Our nation, stated simply, is facing a crisis of trust in our system of governance. According to a recent Pew Research Center Survey, Americans are increasingly less trusting in our national government and each other, thereby undermining the ability of our government to solve important problems. According to the survey, 75% of American adults think that trust in the federal government is shrinking, and 64% believe that low trust makes it more difficult to solve important problems.

In Colorado, we have an opportunity—and, I would argue, the imperative—of building trust in our institutions of governance and demonstrating how collaborative problem solving works. The opportunity for Colorado to lead the effort to repair our nation’s crisis of governance was captured last fall in a column by the New York Times’ Roger Cohen, who asked “Can Colorado Save America?” At the Department of Law, we are doing our best to demonstrate that the answer to this question is yes.

For a classic example of Colorado’s problem solving attitude, take the case of how we manage our water. It would be possible, as happened in an earlier era (say, with respect to Crowley County) to address water needs in Front Range cities by engaging in wholesale “buy and dry” efforts that shut down entire agricultural communities. But such policies would not reflect an effort to address water management that worked for the whole state. Consequently, Colorado’s Water Plan, and our work at the Attorney General’s office, call for collaboration and innovation to meet the water management challenges ahead. That’s just what we worked hard on in developing the Drought Contingency Plan that will enable us to meet our obligations under the Colorado River Compact.

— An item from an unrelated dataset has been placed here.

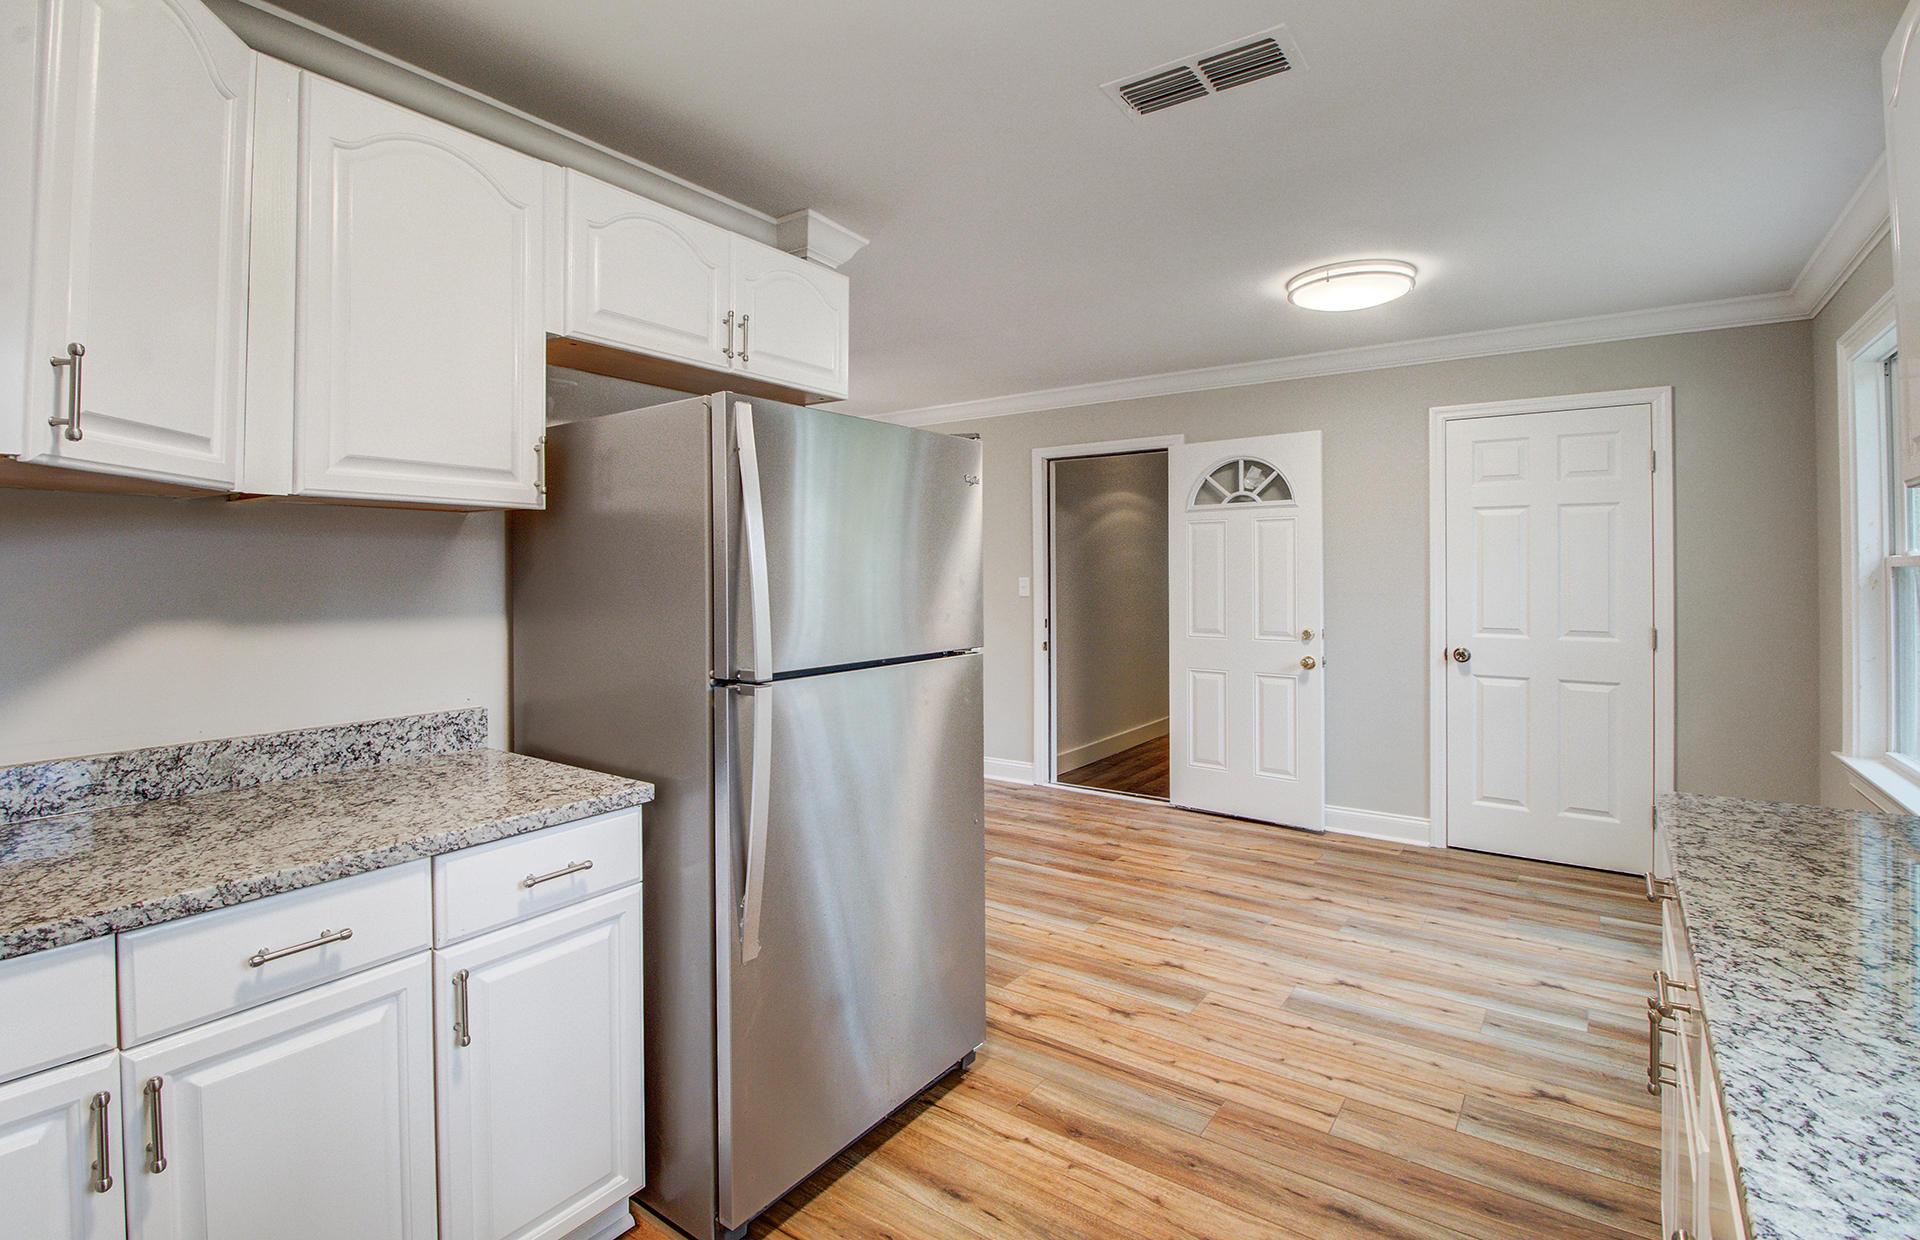 Sedgefield Section I Homes For Sale - 30 Aldene, Goose Creek, SC - 25

As we look ahead at other priorities of our office, including addressing the opioid epidemic, improving our criminal justice system, and protecting consumers, we at the Department of Law are committed to channeling and protecting our collaborative problem-solving mindset. And we are committed to doing so through principled service to the public that advances the rule of law, protects our democracy, and promotes justice for all. That’s the spirit of 1776—and 1876. Our nation needs that spirit now more than ever. By demonstrating how we work together to solve important problems here in Colorado, we demonstrate that our nation’s commitment to self-governance remains a vibrant work in progress.